At Thursday’s town hall event, Kosterlitz fielded questions from students, faculty and other members of the Brown community.

“I never thought it would actually get this far,” Kosterlitz said of the work he did with physicist David Thouless that earned him the prize. “David and I knew we had done something good when we did the initial work because we were able to solve a problem that had been bothering physicists for quite some time.”

That work provided a theoretical understanding of phase changes in ultra-thin, two-dimensional systems. Phase changes in normal matter — when a gas condenses into a liquid or a liquid freezes to a solid — are well understood. But how phases changes work in two-dimensional materials wasn’t known until the work of Kosterlitz and Thouless. The pair shared the prize with another physicist working in this area, Duncan Haldane.

Kosterlitz and Thouless’s theory of phase transitions, known as the K-T transition, has informed the understanding of a range of exotic materials, including topological insulators — materials that conduct electricity on their surfaces but act as insulators in their bulk. Materials like this could one day form the backbone of next-generation electronics devices and quantum computers.

Kosterlitz joked that his entrée into the theoretical side of physics came out of frustration with the experimental side.

“It seemed like whenever I went into the laboratory, things just stopped working,” he said. “I decided that it’s best for everybody if I don’t go near a laboratory, so that’s why I became a theorist.”

However, his prize-winning work in condensed matter physics wasn’t his initial focus. Kosterlitz launched into high-energy physics, working with a precursor to what is now known as string theory. That work didn’t prove rewarding or particularly innovative.

“I had been doing long tedious calculations, and I didn’t seem to get any return from it,” Kosterlitz said. “Two or three times, I had just finished a calculation and was about to write it up and send it out for publication when a preprint arrived on my desk doing exactly what I had just done.”

One of those preemptive papers happened to have been written by Chung-I Tan, professor and former chair of physics at Brown.
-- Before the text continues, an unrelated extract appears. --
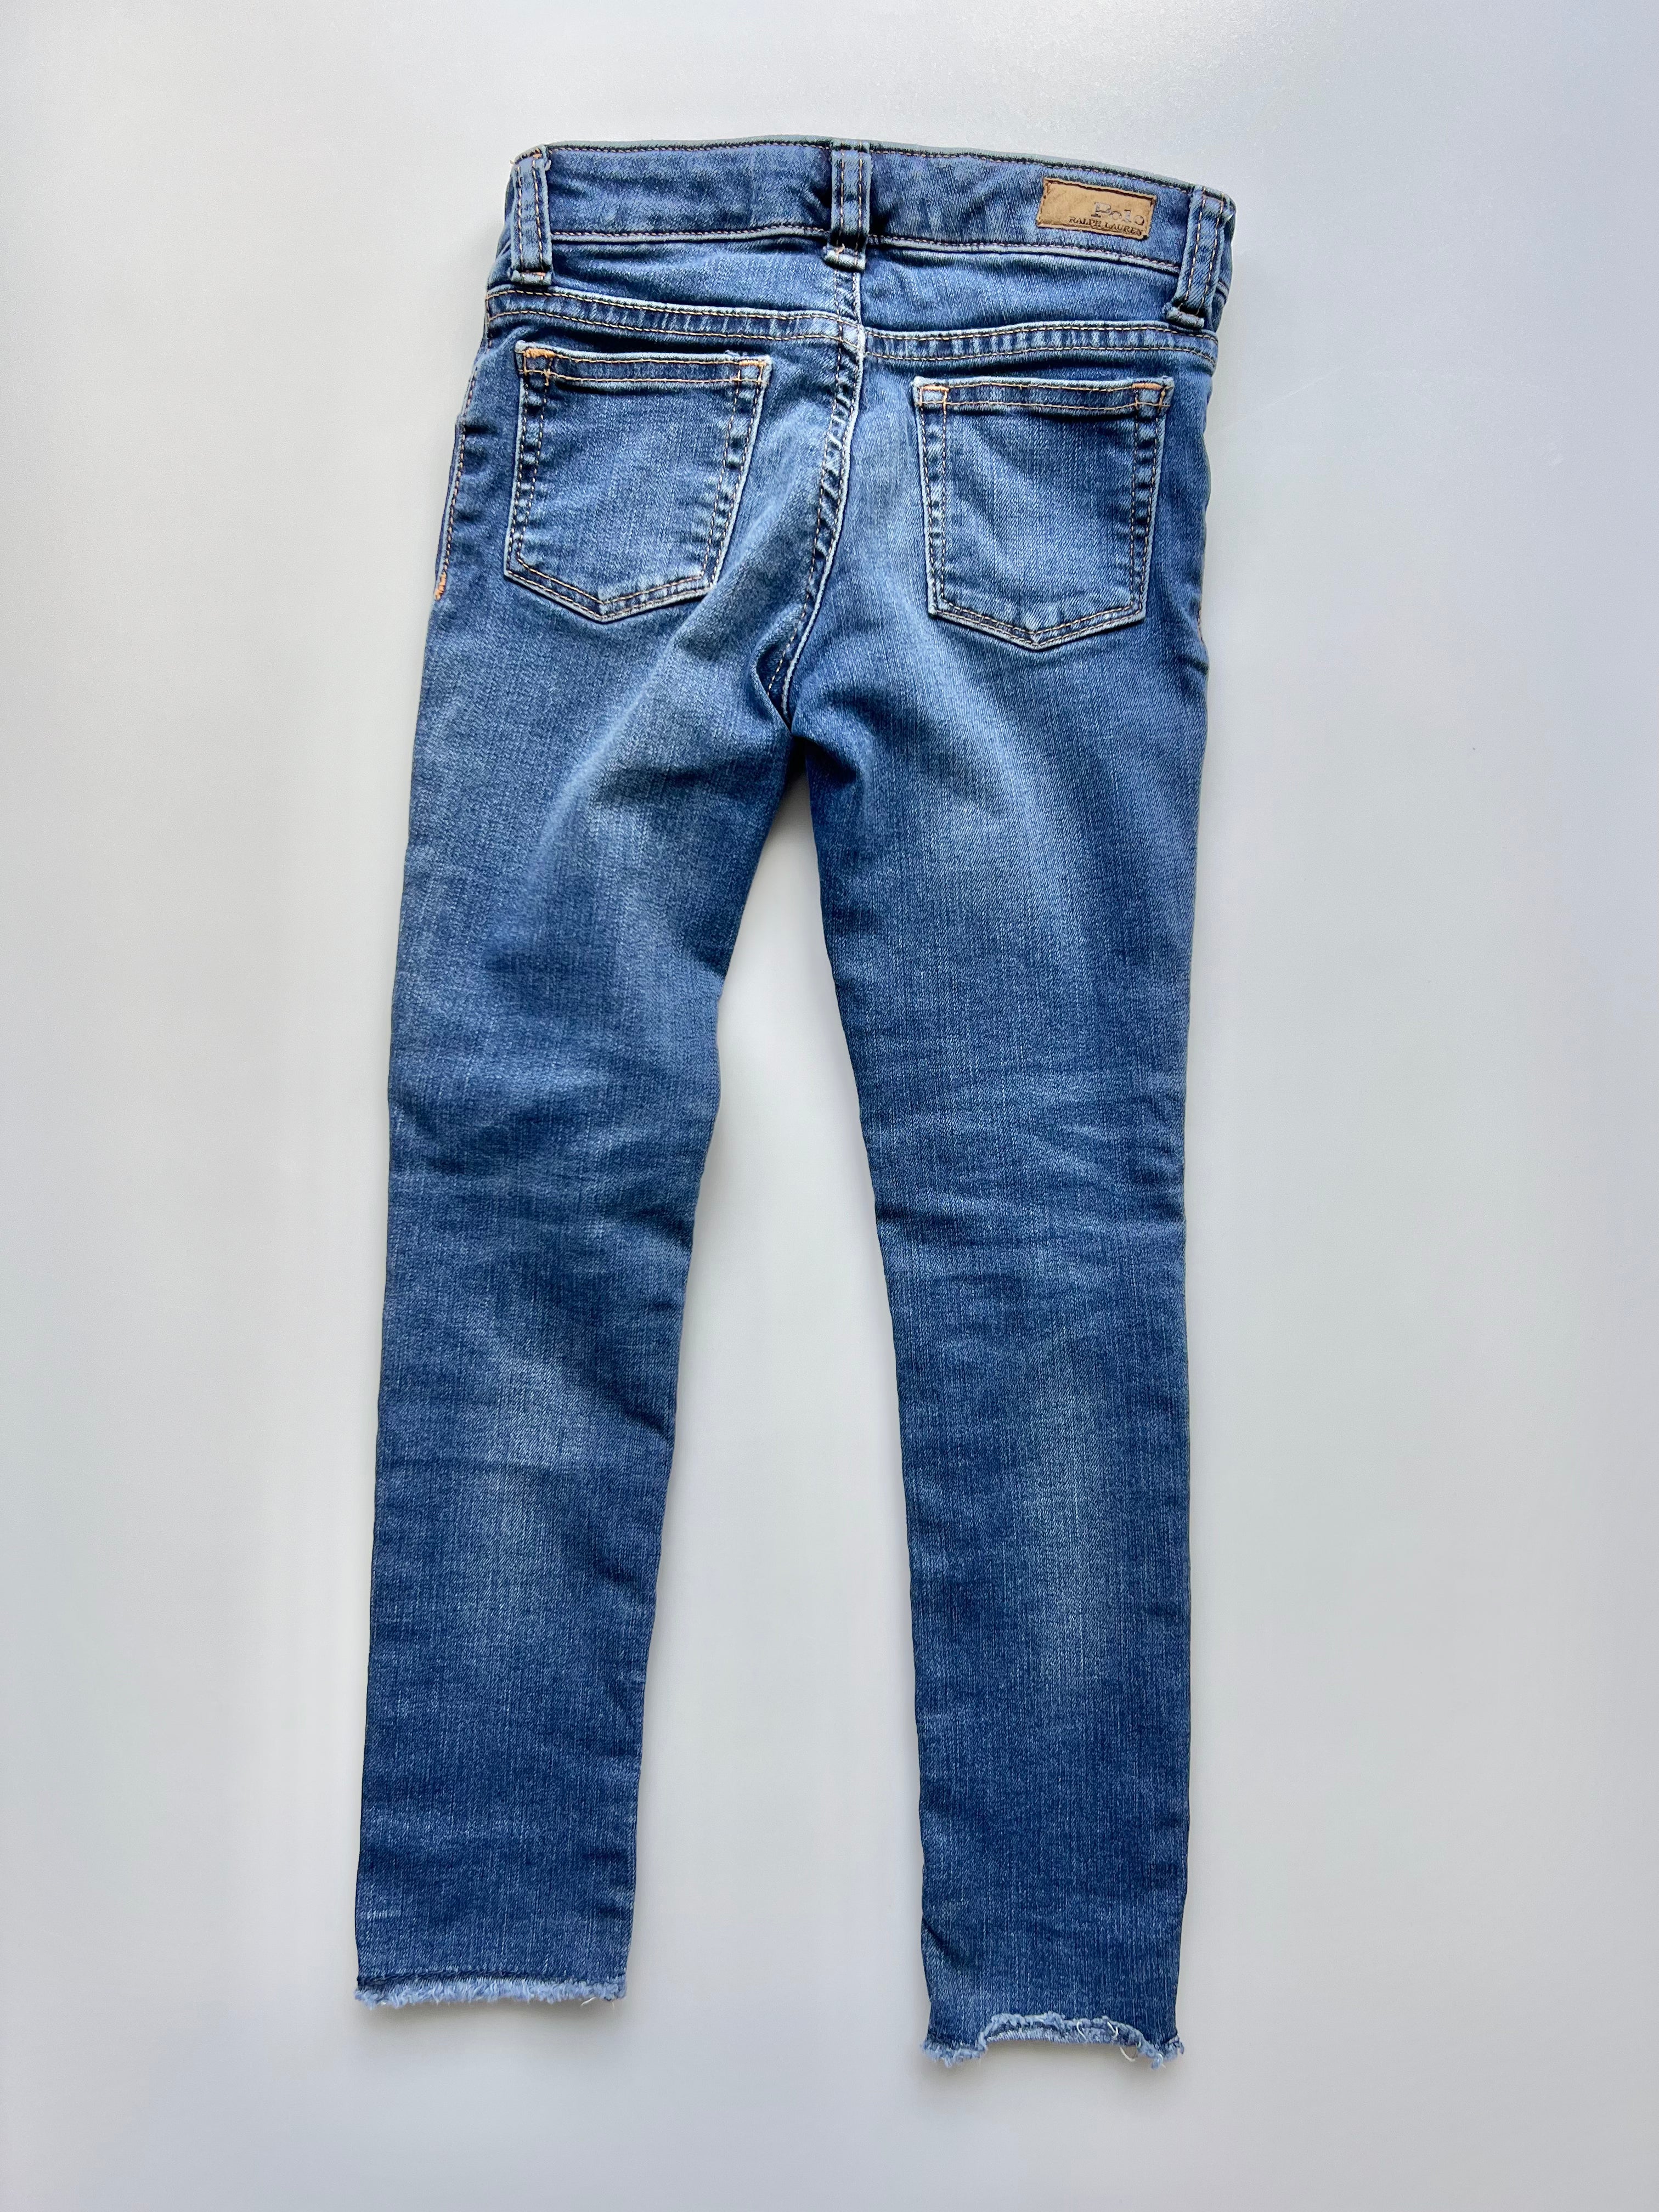 Polo Ralph Lauren Jeans Age 6

“So I have to thank him for my transition from high-energy physics to condensed matter,” Kosterlitz said.

A first-year student planning to concentrate in astrophysics asked Kosterlitz on Thursday what direction he thought physics would take in the coming years.

“To me, physics is a never-ending thing because there are always new problems,” he said. “Even if one thinks that physics is dead, as was said some years go, there are always new problems. Just look out your window in the morning sometimes, you’ll see lots of problems out there.”
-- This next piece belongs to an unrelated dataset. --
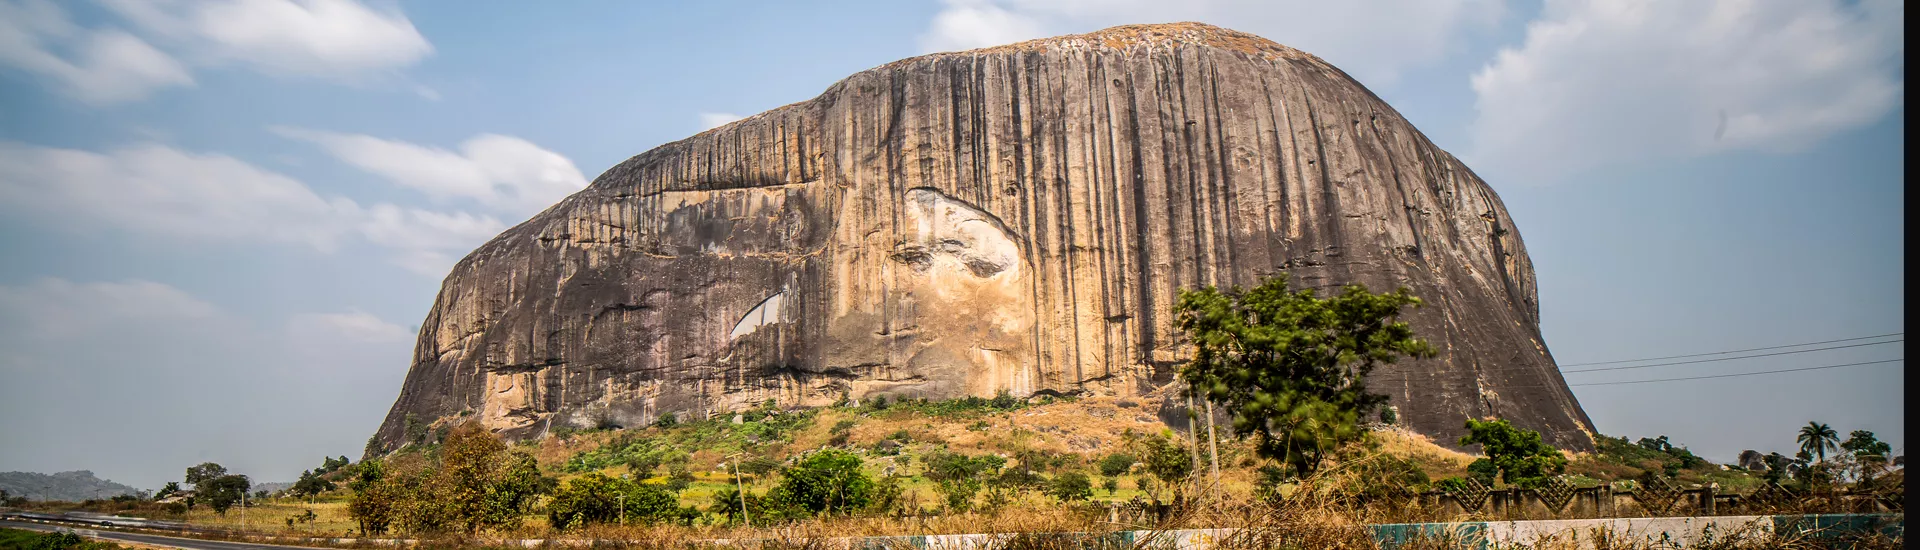 Zuma Rock in der Nähe von Abuja, Nigeria

Another student asked Kosterlitz what aspect of his career has been the most rewarding.

“The fun I’ve had doing it,” he answered. “Most of the problems I’ve worked on, I have found fascinating and fun. Of course, getting recognition and getting this prize is wonderful, but it’s not the main thing.”

Gang Xiao, chair of the physics department, reminded students of the opportunity they have to work closely with a Nobel Laureate.

“The difference between our University and other universities is that here Nobel winners teach both undergraduate and graduate courses,” he said. “So we grant an opportunity to work with Professor Kosterlitz and use him as a mentor.”

Kosterlitz will return to the classroom next semester, teaching statistical mechanics to graduate students and advanced undergraduates.